DATA FOR PROCESSING:
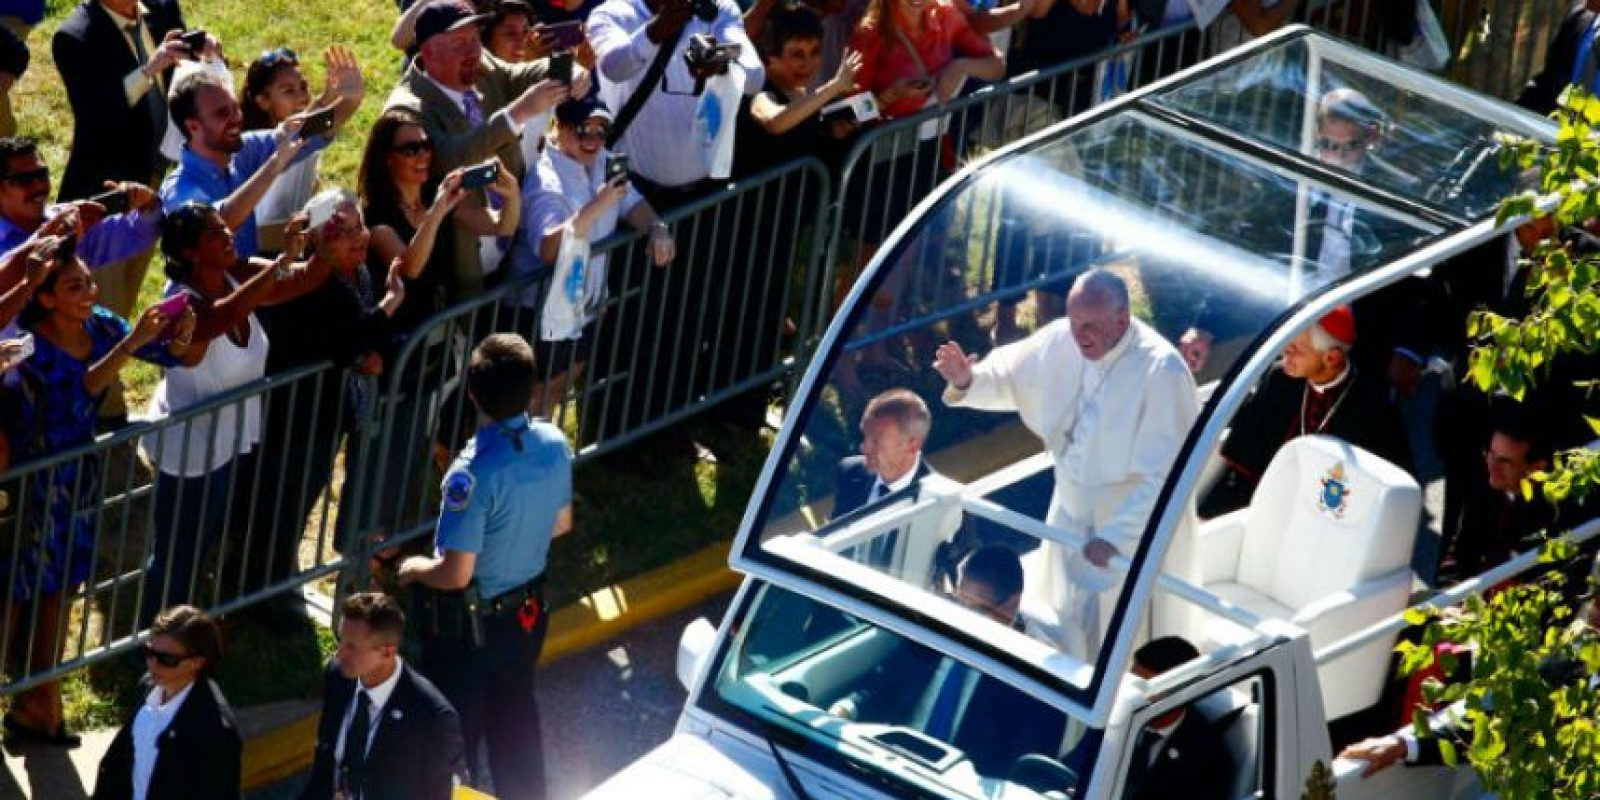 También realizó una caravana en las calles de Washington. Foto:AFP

==

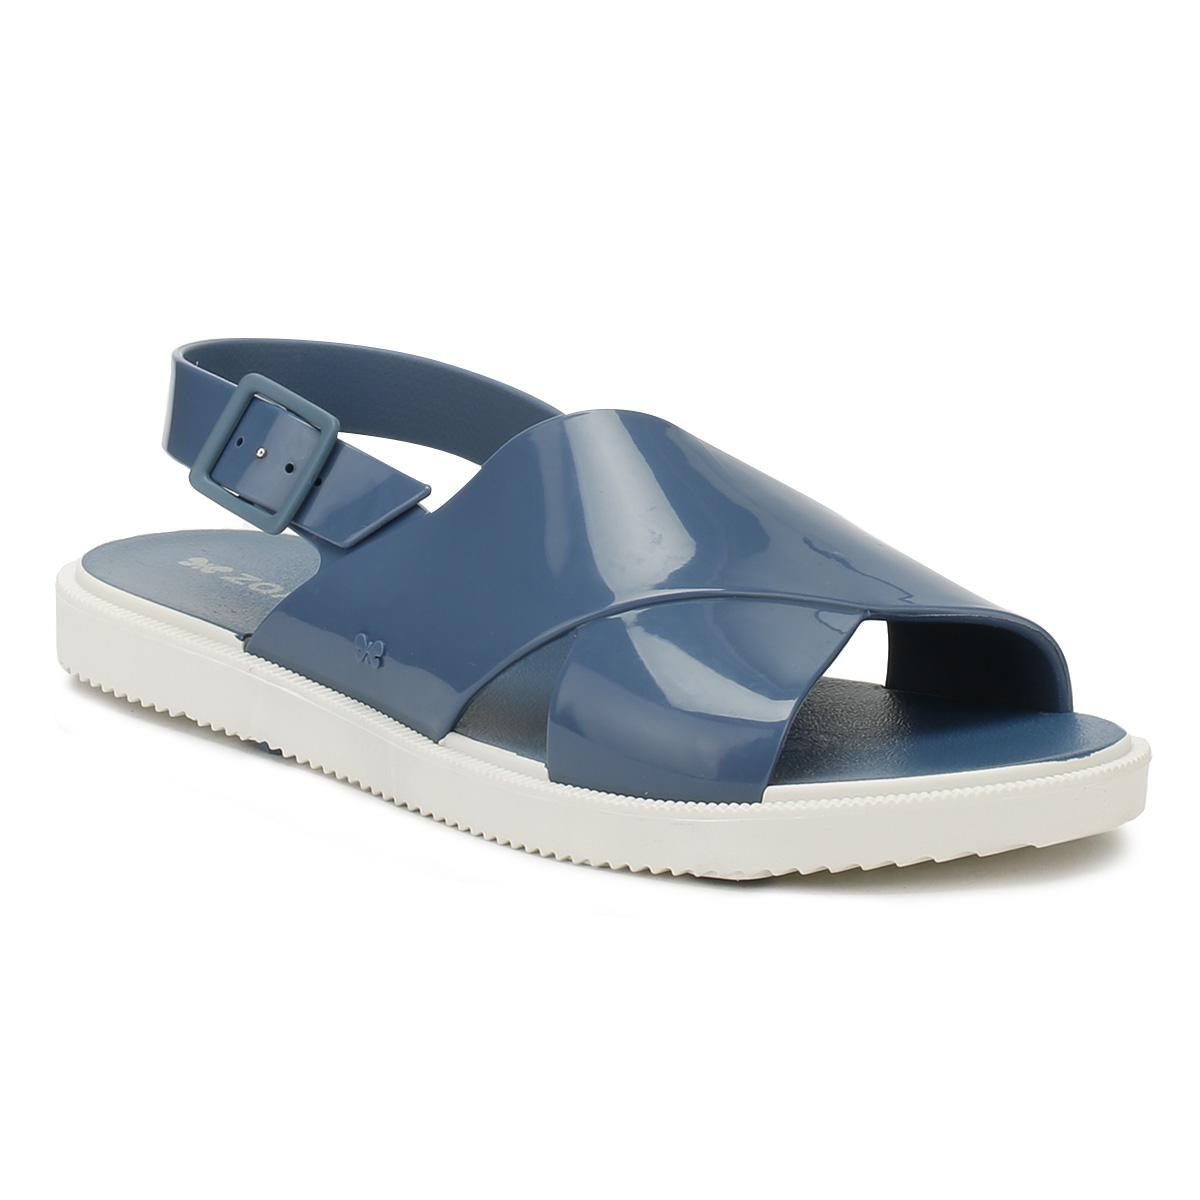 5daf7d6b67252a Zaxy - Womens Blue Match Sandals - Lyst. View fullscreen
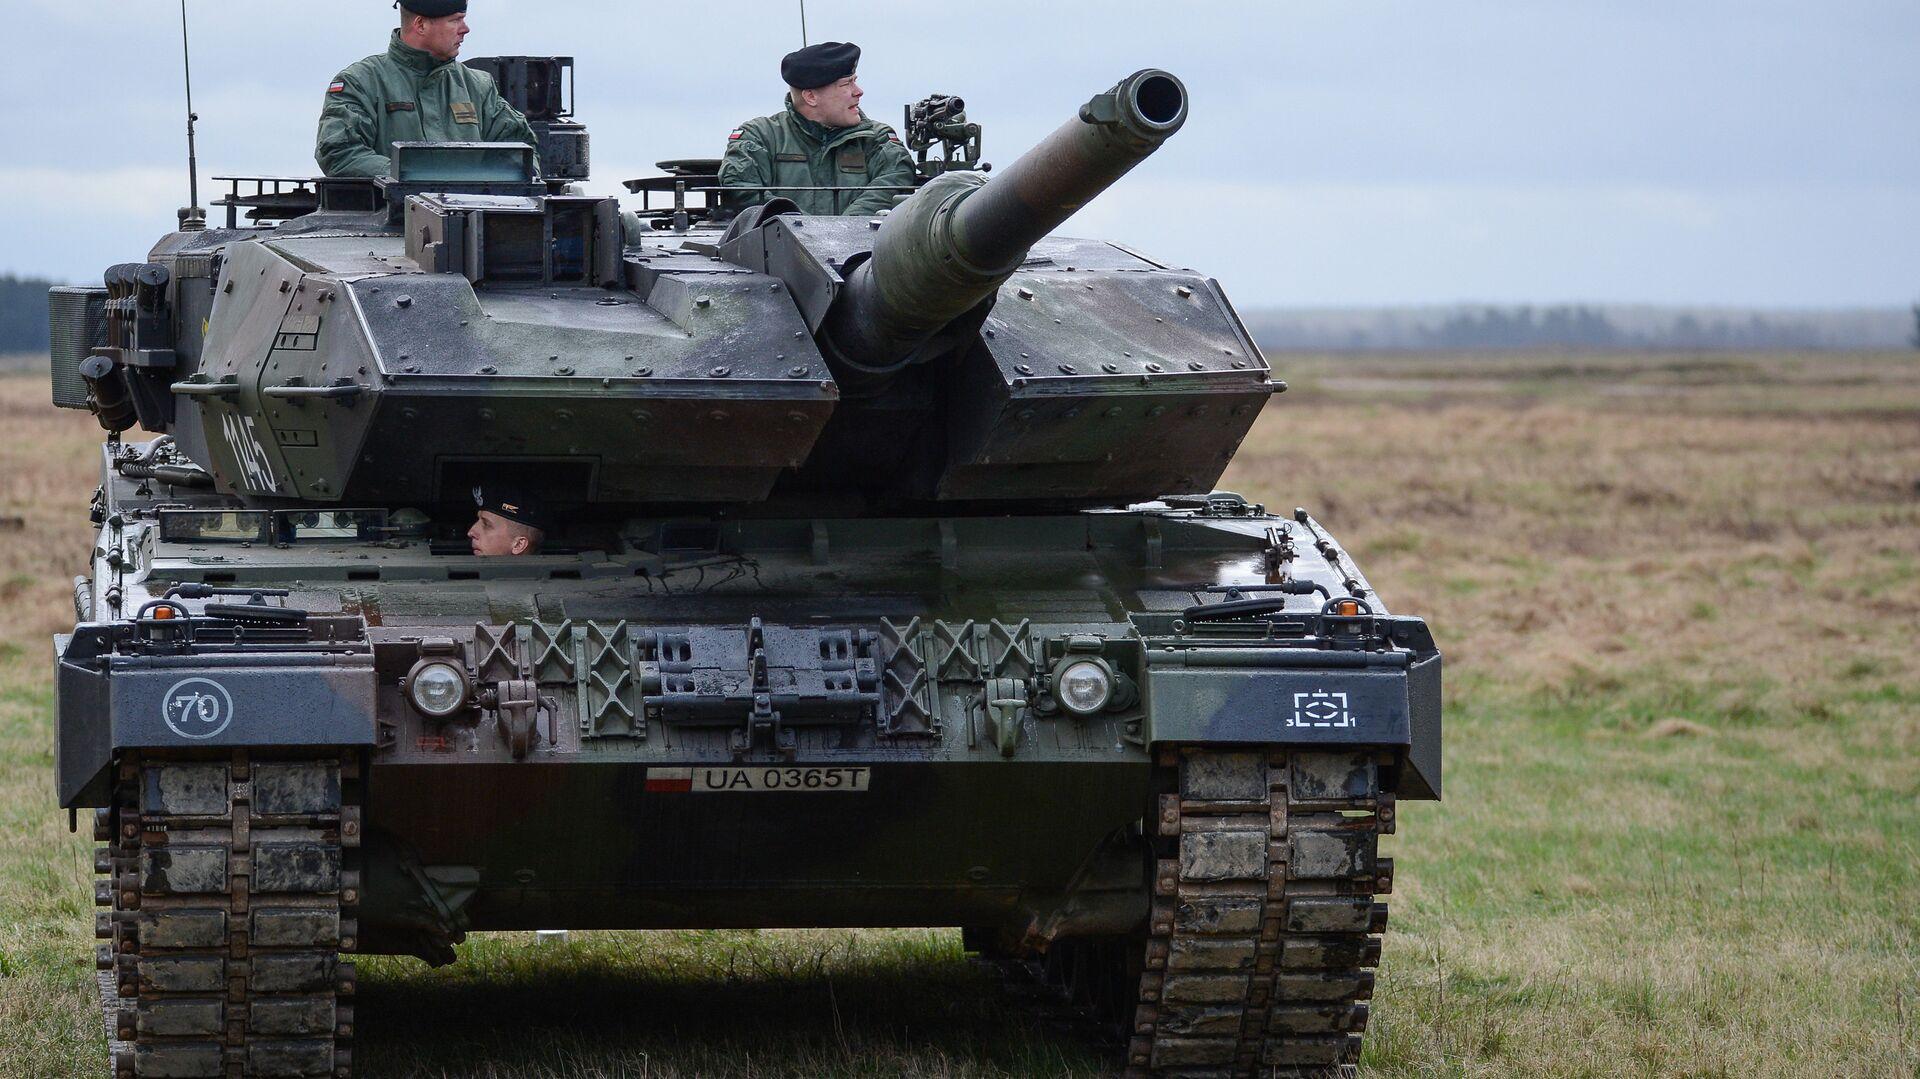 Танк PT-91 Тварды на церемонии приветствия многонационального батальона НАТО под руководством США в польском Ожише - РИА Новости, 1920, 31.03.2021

WHAT YOU SHOULD DO: Above, find the line with "5daf7d6b67252a Zaxy - Womens"; copy it and every line down to the line with "Танк PT-91 Тварды", exactly and both included, but no pictures.

WRITTEN REPLY:
 5daf7d6b67252a Zaxy - Womens Blue Match Sandals - Lyst. View fullscreen
 Танк PT-91 Тварды на церемонии приветствия многонационального батальона НАТО под руководством США в польском Ожише - РИА Новости, 1920, 31.03.2021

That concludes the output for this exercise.